Uncountable sets - Why is the following proof false?

Let $$S$$ be any subset of the natural numbers. Then the sum

$$\sum_{n \in S} \frac{1}{2^n}$$

converges against a unique value for each subset $$S$$. This sum yields a computable number because it is possible to compute it digit by digit. Therefore, these sums map every subset of $$\mathbb{N}$$ to a unique computable number.

This is a contradiction because the set of all subsets of $$\mathbb{N}$$ is uncountable but the computable numbers are countable.

Where is the error here?

• Not every real number is computable. Indeed, not every subset $S$ of $\mathbb{N}$ is recursive. – user10354138 Jul 28 at 2:42
• Surely the sum is only computable if it’s decidable whether $n \in S$ for each $n$. – mjqxxxx Jul 28 at 2:45
• Are you sure that it is always possible to compute digit-by-digit the result of the sum $\sum_\limits{n \in S} \frac{1}{2^n}$ even if $S$ is the subset of primes numbers? – Angelo Jul 28 at 2:51
• Next time, edit, don't delete. – Asaf Karagila Jul 28 at 11:03
• Sorry, @asaf-karagila. Most comments didn’t make any sense anymore after the edit because they discussed if the previous sum actually yields unique values. Also there was no answer yet. That’s why I thought it’s better to create a new, clean question. But if this is against the community rules, I’ll just edit the question next time. – LinusK Jul 28 at 19:32

Given a subset $$S \subseteq \mathbb{N}$$, there may not be an algorithm to compute whether an arbitrary $$n \in \mathbb{N}$$ is in $$S$$. Therefore, you can't actually compute it digit by digit. In fact, your argument shows that there can't always be an algorithm for deciding this problem.

Edit:

Say that a function $$f : \mathbb{N} \to \mathbb{N}$$ is "computable"' iff there is a Turing machine which takes as input a binary number and always halts with a binary number on the tape. Note that this is equivalent to many other definitions of "computable" - for example, that $$f$$ is general recursive, computable in $$\lambda$$-calculus, that $$f$$ can be coded in Haskell (or most any programming language), etc. In some literature, the term used is "recursive".

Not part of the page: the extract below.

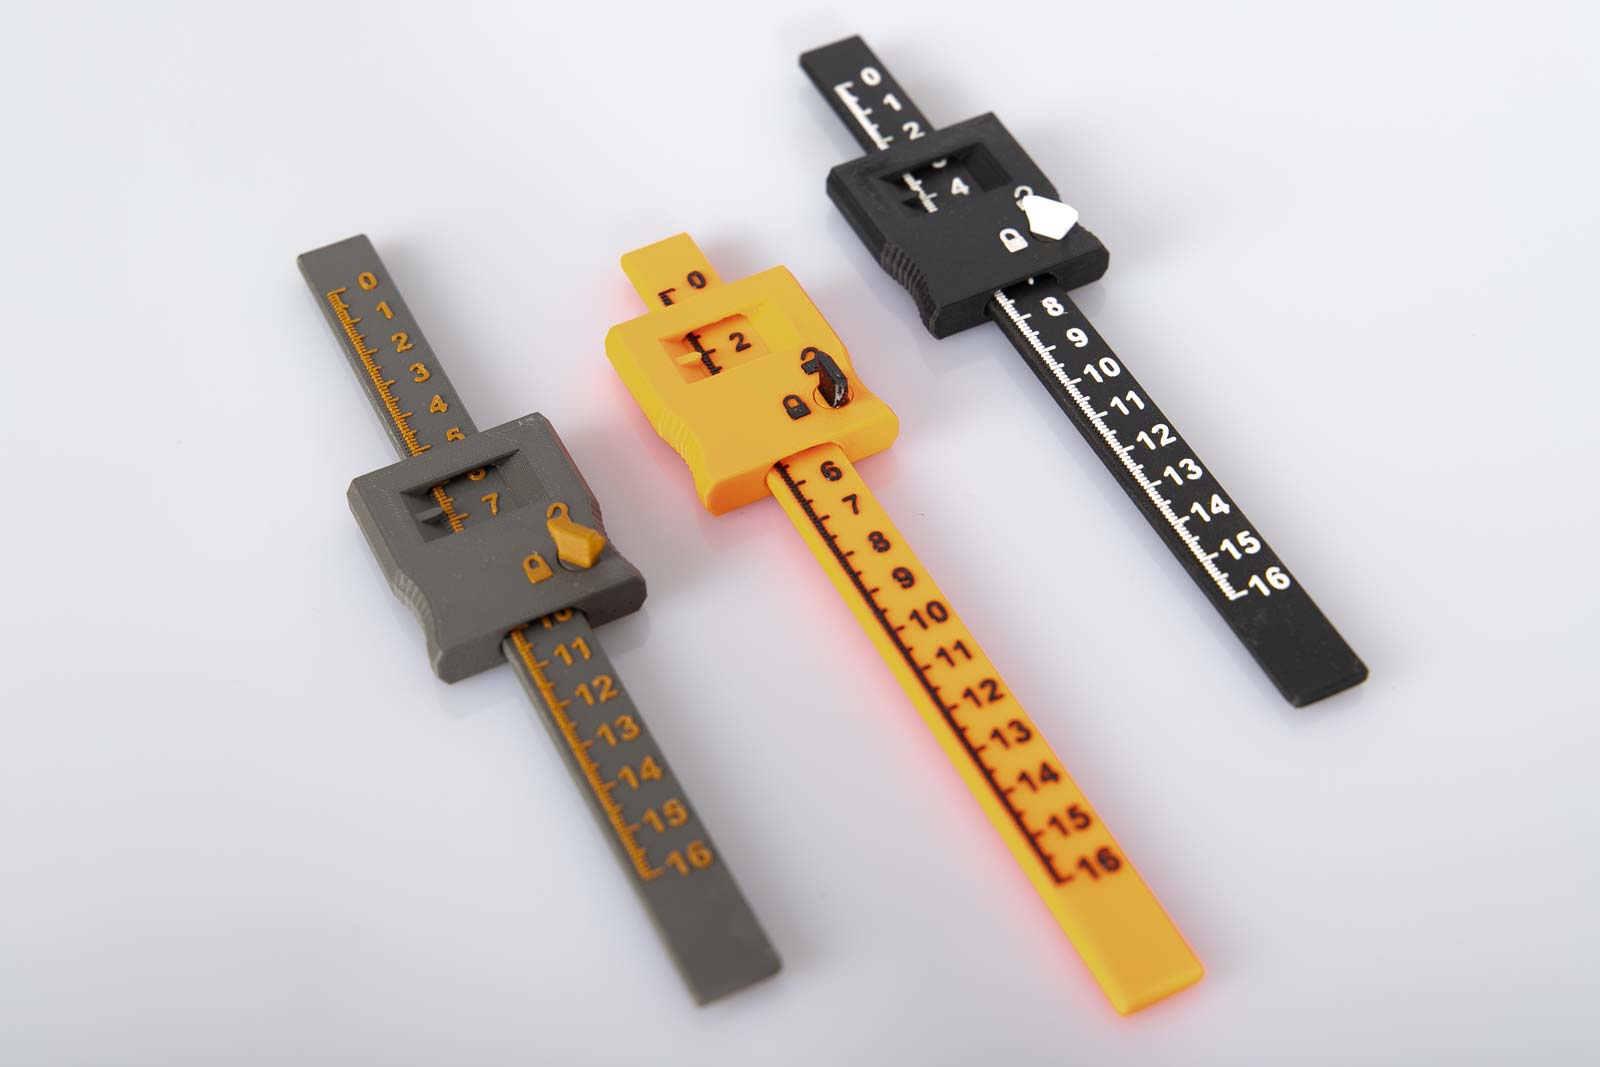 3D printed depth gauges depth calipers three different colors in full view
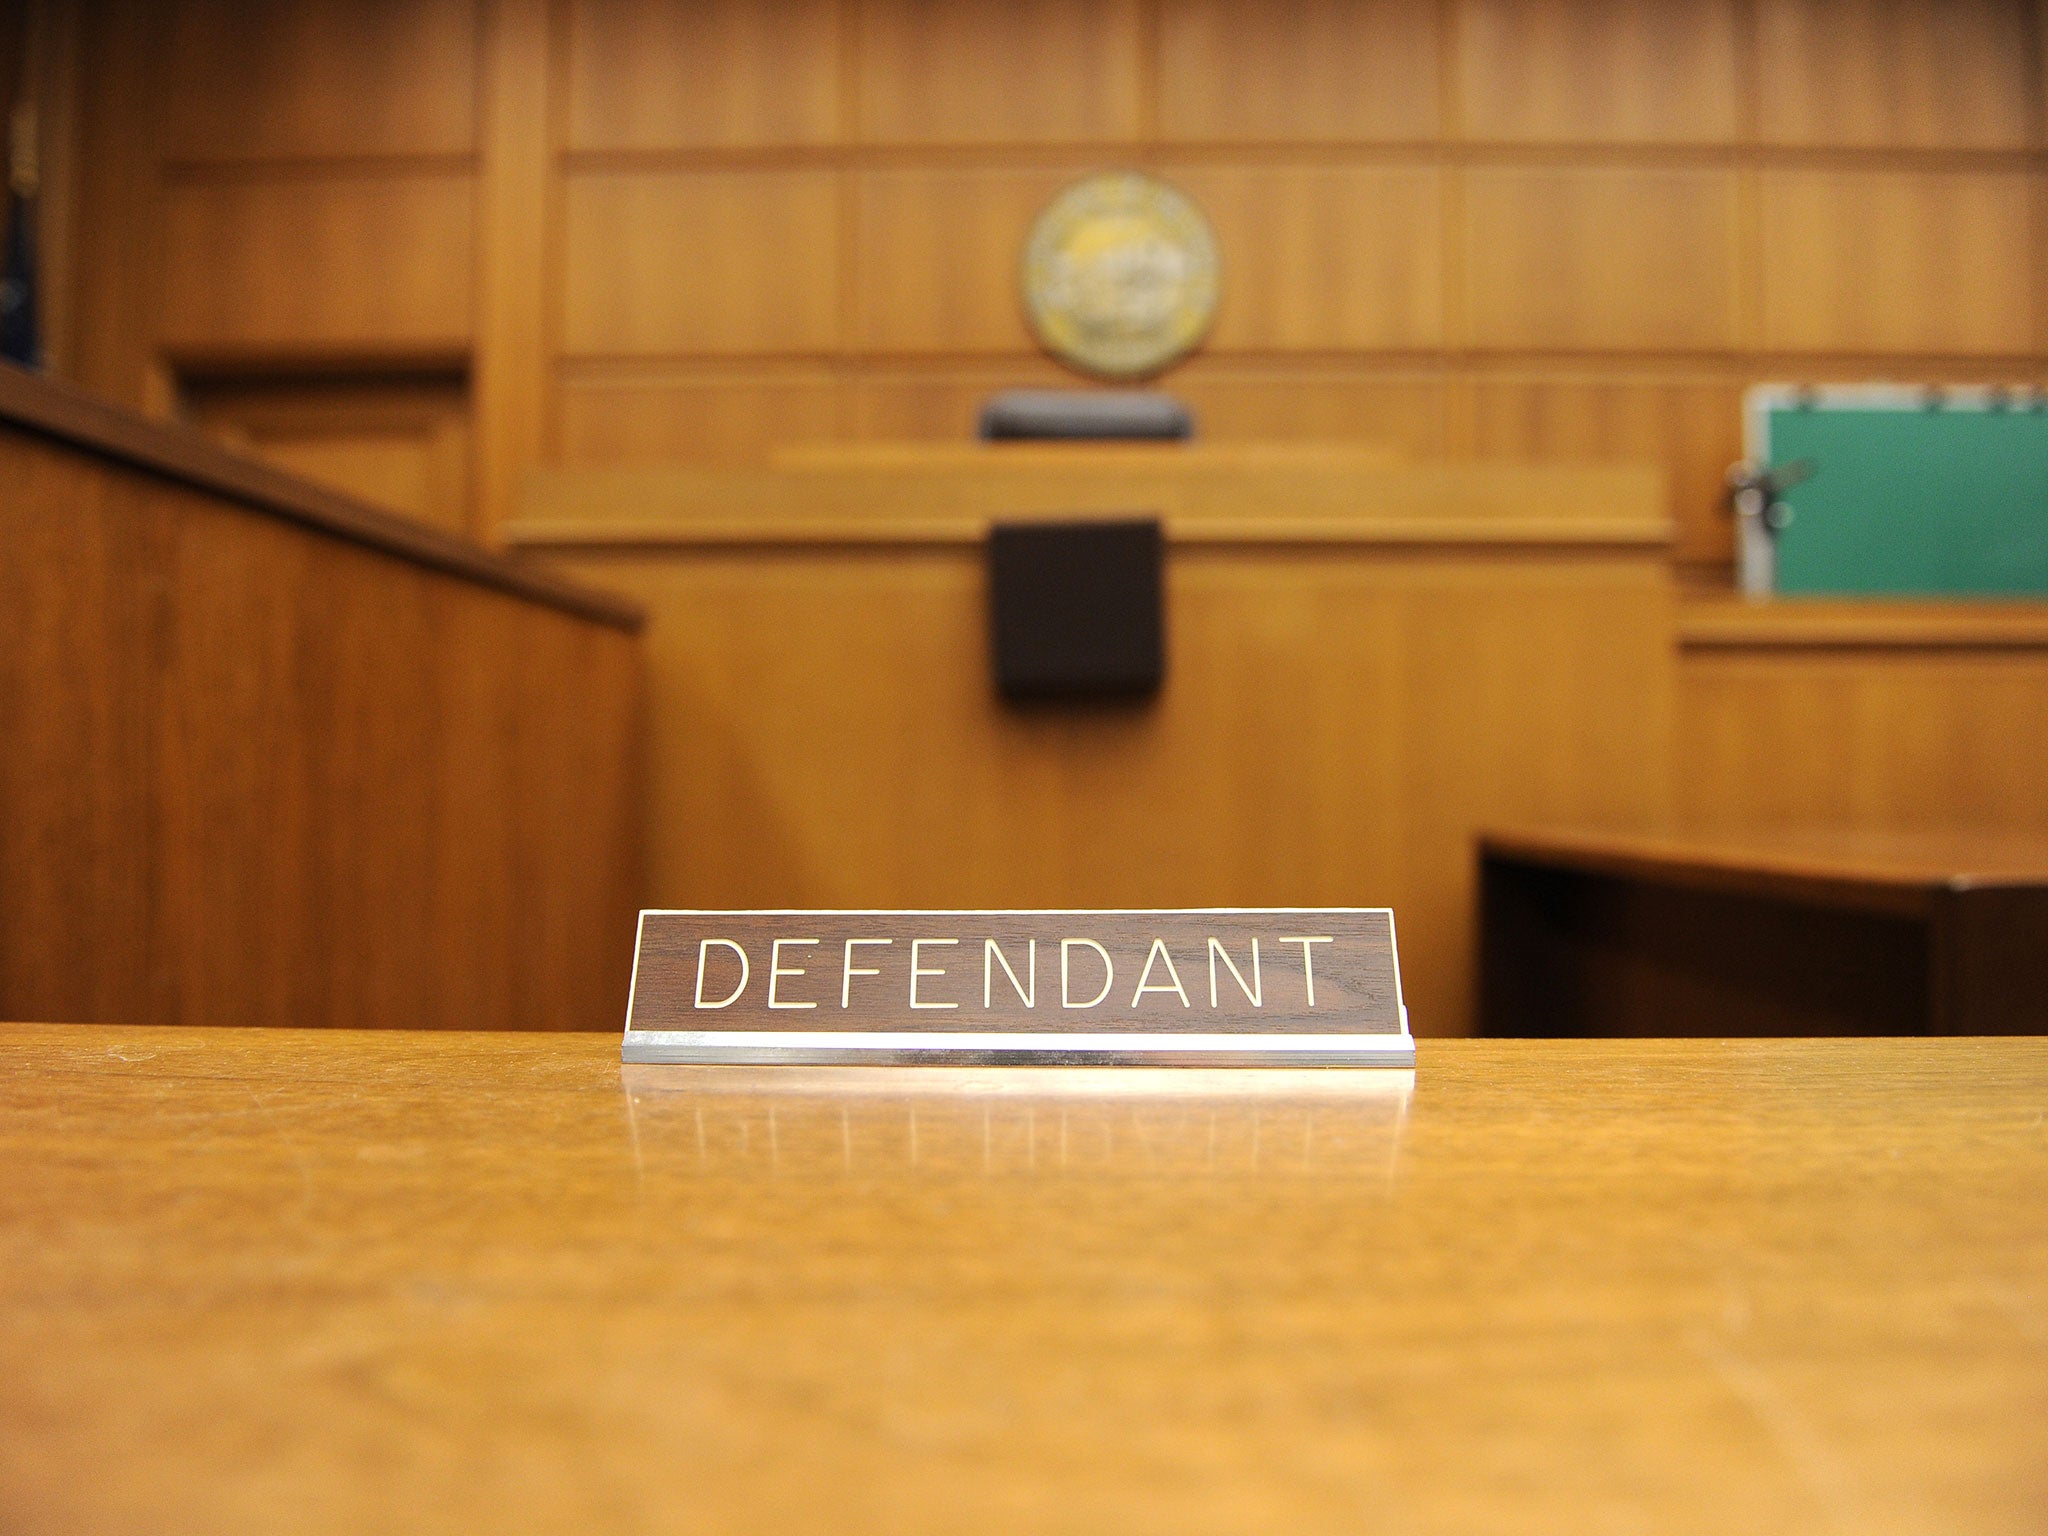 Guilty pleas could be made without incurring the cost of getting the defendant in front of a judge

Consider some $$S \subseteq \mathbb{N}$$. $$S$$ is said to be "decidable" if there is a computable function $$f$$ such that for all $$n$$, $$f(n) = 0$$ if $$n \notin S$$ and $$f(n) = 1$$ if $$n \in S$$. We say that such an $$f$$ is the "characteristic function" of $$S$$. In some literature, the term used is "recursive set".

There are some sets $$S \subseteq \mathbb{N}$$ which are not decidable. This doesn't mean that some particular human can't decide whether some $$n$$ is in $$S$$ or not; it means that no "algorithm" (Turing machine) can take as input a number $$n$$ and output whether or not $$n \in S$$.

We say that a function $$f : \mathbb{N} \to \mathbb{Z}$$ is computable if there are computable functions $$g, h : \mathbb{N} \to \mathbb{N}$$ such that for all $$n$$, $$f(n) = g(n) - h(n)$$.

Similarly, we say that a function $$f : \mathbb{N} \to \mathbb{Q}$$ is computable if there are computable functions $$g, h : \mathbb{N} \to \mathbb{Z}$$ such that for all $$n$$, $$f(n) = g(n) / h(n)$$.

Finally, we say that a real number $$x$$ is computable if there is some computable $$f : \mathbb{N} \to \mathbb{Q}$$ such that for every $$n$$, $$|f(n) - x| \leq 1/(n + 1)$$. We say $$f$$ computes $$x$$ in this case.

Not every real number is computable. In particular, it can be shown that $$x_S = \sum\limits_{n \in S} \frac{1}{3^n}$$ is computable iff $$S$$ is decidable. For if $$S$$ is decidable, let $$g$$ be its characteristic function and define $$f(n) = \sum\limits_{i = 0}^n \frac{g(n)}{3^n}$$; then $$f$$ computes $$x$$. And if $$x_S$$ is computable, let $$g$$ be a function that computes $$x$$. Then by computing $$g(3^{n + 2})$$, we get close enough to $$x_S$$ to determine its base-3 expansion up to the $$n$$th place after the "decimal" point, so we can compute whether this place has a zero (in which case $$n \notin S$$) or a 1 (in which case $$n \in S$$).

Since the set of all Turing machines is countably infinite, so too is the set of decidable subsets of $$\mathbb{N}$$. But the collection of all subsets of $$\mathbb{N}$$ (that is, the power set of $$\mathbb{N}$$) is well known not to be countable. Therefore, there must exist some $$S$$ which is not decidable. In this case, $$x_S$$ is not a computable number. There is no algorithm at all that can list its digits one at a time. It's not a matter of humans being too stupid to come up with one; it's simply impossible to do so.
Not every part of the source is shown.